Can you provide additional resources/citaitons that I should have read, but didn’t?

“They way it’s implemented in ZFS isn’t optimal right now.”
Can you expand on this a little bit more please? (i.e. in what way is it not optimal? And in what way can it be improved?)

I don’t think that dedup is necessarily the problem.

I think that iSCSI is actually, quite possibly, the bigger issue here.

The reason why I say this is because I actually created a TrueNAS Core VM, and tried to make that handle the iSCSI portion of this, and it worked for a little bit, and then the whole thing just died, when I was trying to install games onto said TrueNAS Core VM (which also was responsible for being the iSCSI host/target).

How do you check if the dedup table is and stays in RAM? My system does not have a NVMe M.2 slot for an optane module and to the best of my knowledge, Xeon E5 v4s do not support PMEM100 nor PMEM200, but please feel free to educate me if my information is out-of-date.

Would you be able to point me in those directions?

My preference would be “live/online” dedup so that as the games are being installed, it is being de-duped “on-the-fly”. But if that’s not possible, then I’ll have to play around with offline dedup to see whether that would be a feasible alternative proposal/solution, for this application.

My understanding with this approach is that it assumes that the games that are installed on system A is IDENTICAL to system B no?

Right now, the way that I have it set up is that I create a 10 TiB ZFS dataset, with properties compression=on and dedup=on.
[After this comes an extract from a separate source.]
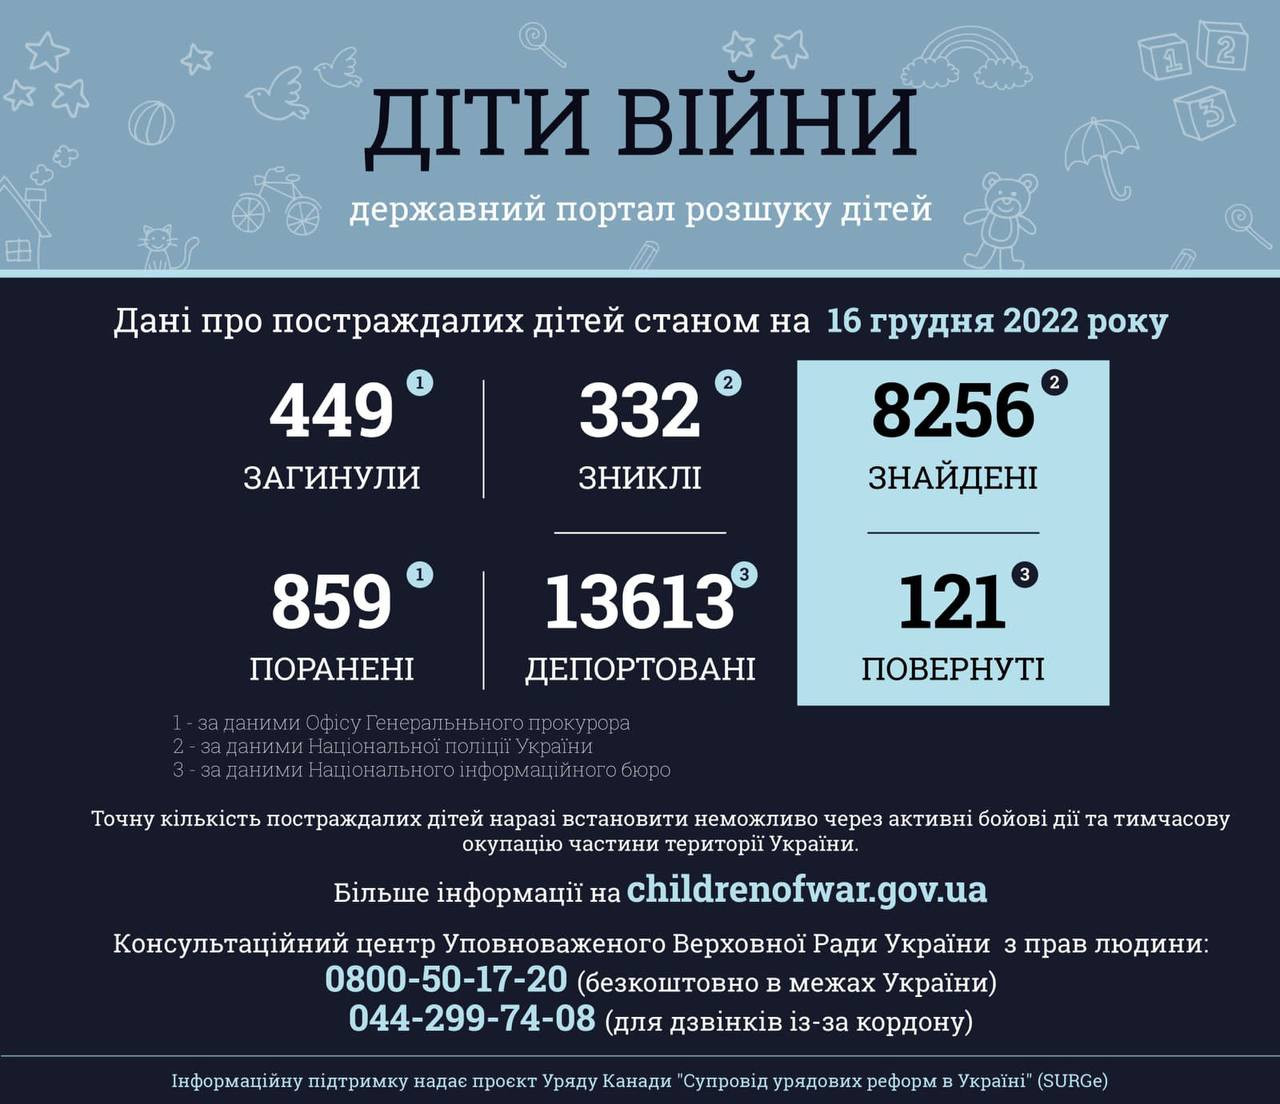 449 дітей загинуло та понад 859 поранено внаслідок збройної агресії рф в Україні - зображення

From there, an iSCSI target utilises this dataset and the Windows clients mount this iSCSI target, format a 2 TiB partition of the 10 TiB “block”, quick format it as NTFS, and proceed with the installation of Steam games, where the initial setup of the games run concurrently between all of the clients.

So that’s how I am applying these technologies.

My thoughts with this procedure is that I can’t get clients B and C up and running until client A is complete, so that it can be cloned, and then mounted over iSCSI.

Please correct me if I am misunderstanding the deployment procedure as described.

Thank you.

Nope

system A has 100 Games on it
do a snapshot.
Clone it.
Blockvolume it.
iscsi that Block.

System B has now 100 Games installed for basicly a few MBs.
If system B’s Steam account has less or other games available this account can use all bought games installed AND it can install the one system A does not have BUT then
the ISCSI Block Clone will grow of the size the other games have.

Say Accpunt A on System A has 100 Games 5TB Big BUT does not have Doom 4
Say Account B on System B has 100 Games 5mb big BUT installs Doom4 then it has 5mb + size of Doom 4

and so on with new updates, say 5mb + Doom4 + new updates and so on

the best aproach ist Steams Family share so Sytem A can install ALL Games available :smiley: then clone that.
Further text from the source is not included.